Aujourd’hui, le savoir, le fait objectif ou la démonstration scientifique perdent de leur valeur : ils sont de plus en plus souvent réduits au rang de simples opinions parmi d’autres ! Le web et les réseaux sociaux véhiculent d’innombrables avis et jugements subjectifs, ceux-ci étant de plus en plus souvent méfiants et craintifs. Or, aux yeux du grand public, ces points de vue sont aussi pertinents que les conclusions des experts.

Parce qu’ils sont souvent très motivés à diffuser le plus largement possible leur opinion, la voix des opposants aux technologies innovantes, aux filières et aux entreprises (p.ex. agricoles et alimentaires) ou à certains produits ou aliments… est prépondérante dans les nouveaux espaces de communication. Internet et les réseaux deviennent ainsi les voies privilégiées de transmission de ce que Bronner nomme les « récits de la crainte ».

L’effet Google University

Steven Novella, un professeur américain de neurologie, a été un des premiers à souligner un effet pervers d’internet : cet outil accroît la propension de certaines personnes à se considérer et à s’afficher comme expertes d’un sujet après avoir effectué leurs « propres recherches » sur le web[4]. Cette prétendue expertise liée au sentiment de savoir les amène parfois à réfuter le point de vue contraire des véritables experts, même lorsque ce dernier est consensuel. Dans une étude publiée[5] en 2015 dans le Journal of Experimental Psychology, Matthew Fisher a montré que l’acte de chercher soi même des informations sur le web confère une confiance dans ses propres connaissances supérieure à celle que donne d’autres modes d‘acquisition (p.ex. en questionnant des personnes compétentes sur le sujet).

Un autre biais lié à la recherche d’information - particulièrement par internet et sur des sujets polémiques - est le biais de confirmation. Souvent de manière inconsciente, nous avons tendance à sélectionner les informations qui confirment ce que nous croyons déjà où ce que nous avons envie de croire (p.ex. le caractère toxique de tel aliment ou ingrédient). Le danger de ce biais réside précisément dans le fait qu’il nous donne l’illusion que les données et les faits confirment nos croyances a priori.

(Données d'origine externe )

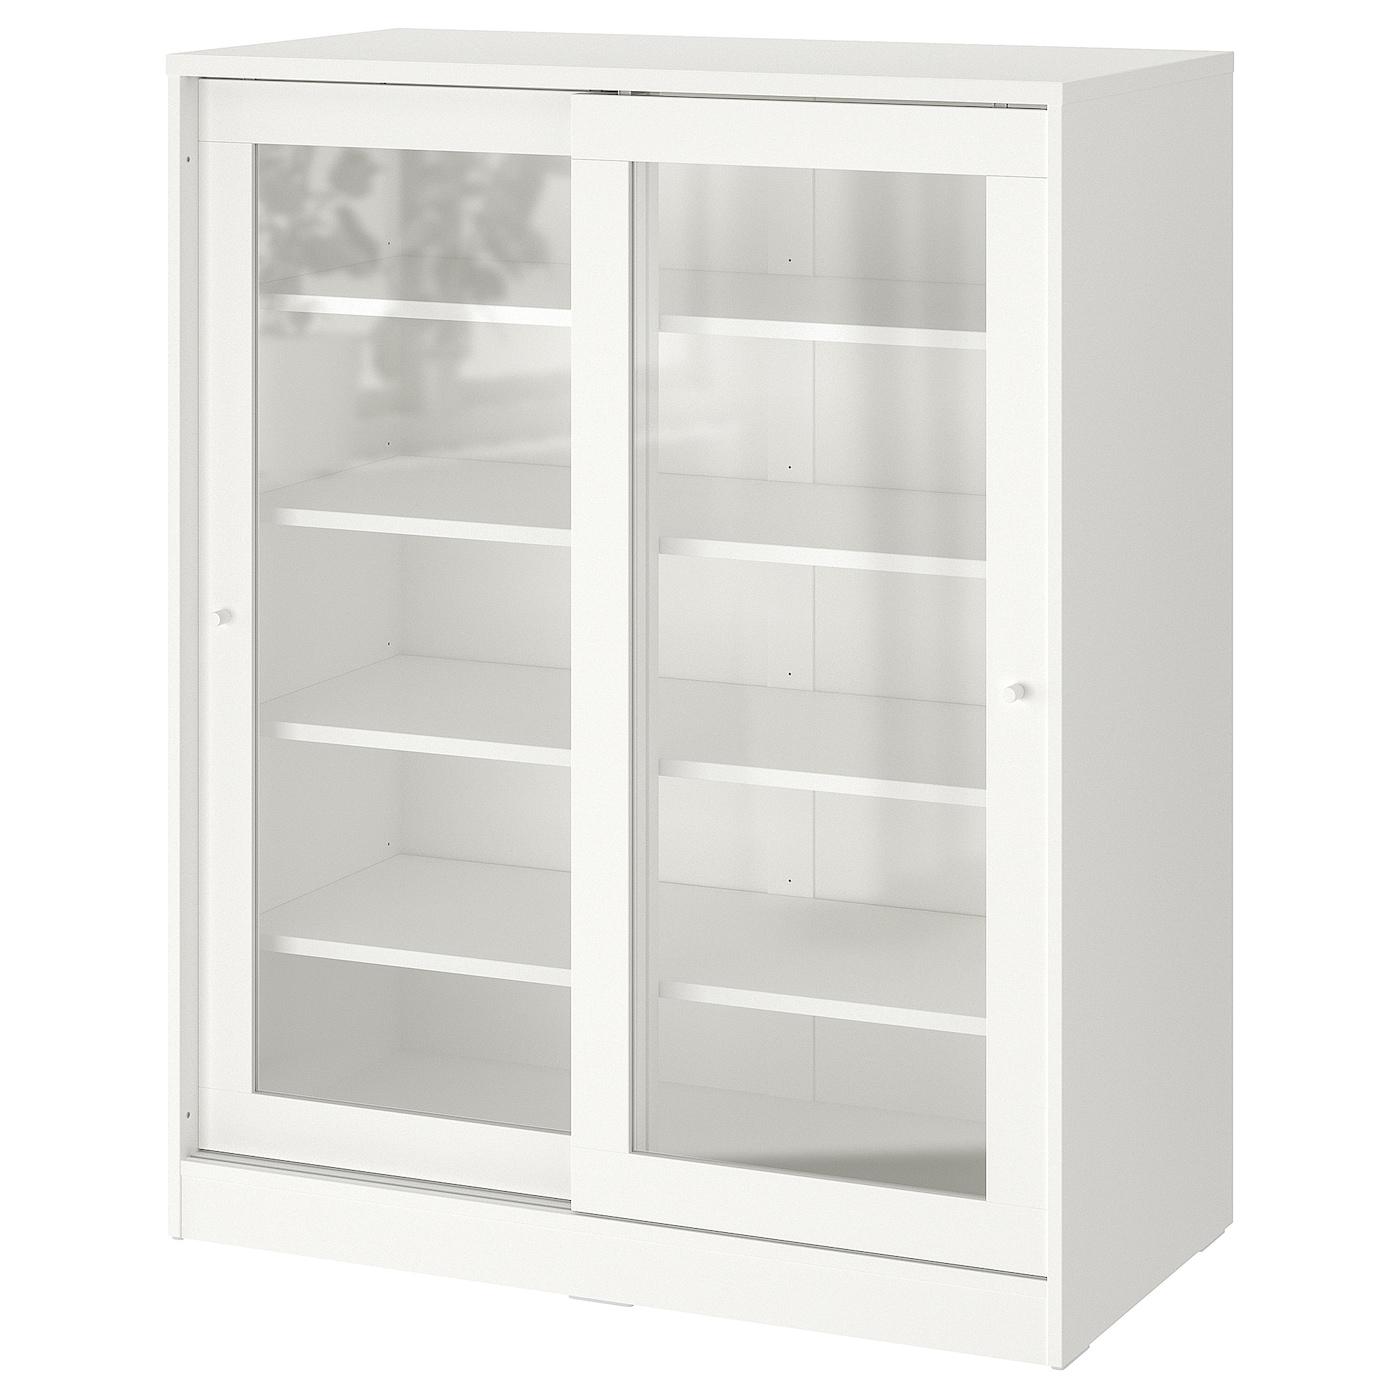 Syvde Rangement Avec Portes En Verre Blanc Ikea

Citons enfin l’effet « caisse de résonance » : il fait référence à .la multiplication sur internet et les réseaux sociaux de communautés partageant et mettant en avant un seul point de vue ou ensemble de données ; de surcroît, le groupe conforte l’individu dans son opinion.

Au-delà de ces biais informationnels, internet et les réseaux constituent également un relais de diffusion efficace de toutes les fausses informations, fake news et autres « faits alternatifs », propagandes et idéologies... A cet égard, on peut déplorer le fait que la quasi-totalité de la population n’ait pas reçu de formation sur la façon de rechercher, de sélectionner et d’analyser l’information disponible sur internet et les réseaux, de façon à éviter les pièges et les risques les plus courants. Dans ce domaine comme ailleurs, une éducation à la pensée critique (constructive) serait la bienvenue.

 

[1] (1) The Association between Social Media Use and Eating Concerns among US Young Adults. Jaime E. Sidani, Ariel Shensa, Beth Hoffman, Janel Hanmer, Brian A. Primack, Journal of the academy of nutrition and dietetics. September 2016 Volume 116, Issue 9, Pages 1465–1472.

[2] Le phénomène « pro-ana ». Troubles alimentaires et réseaux sociaux. Antonio Casilli et Paola Tubaro. Éd. Presses de l'École des Mines, 2016.

[3] Bronner G (2013). La Démocratie des crédules, PUF, Paris.

[4] Article publié sur Neurologicablog, le 6 avril 2015

[5]  “Searching for Explanations: How the Internet Inflates Estimates of Internal Knowledge;” Matthew Fisher, MA, Mariel K. Goddu, BA, and Frank C. Keil, PhD; Yale University; Journal of Experimental Psychology: General; online March 31, 2015.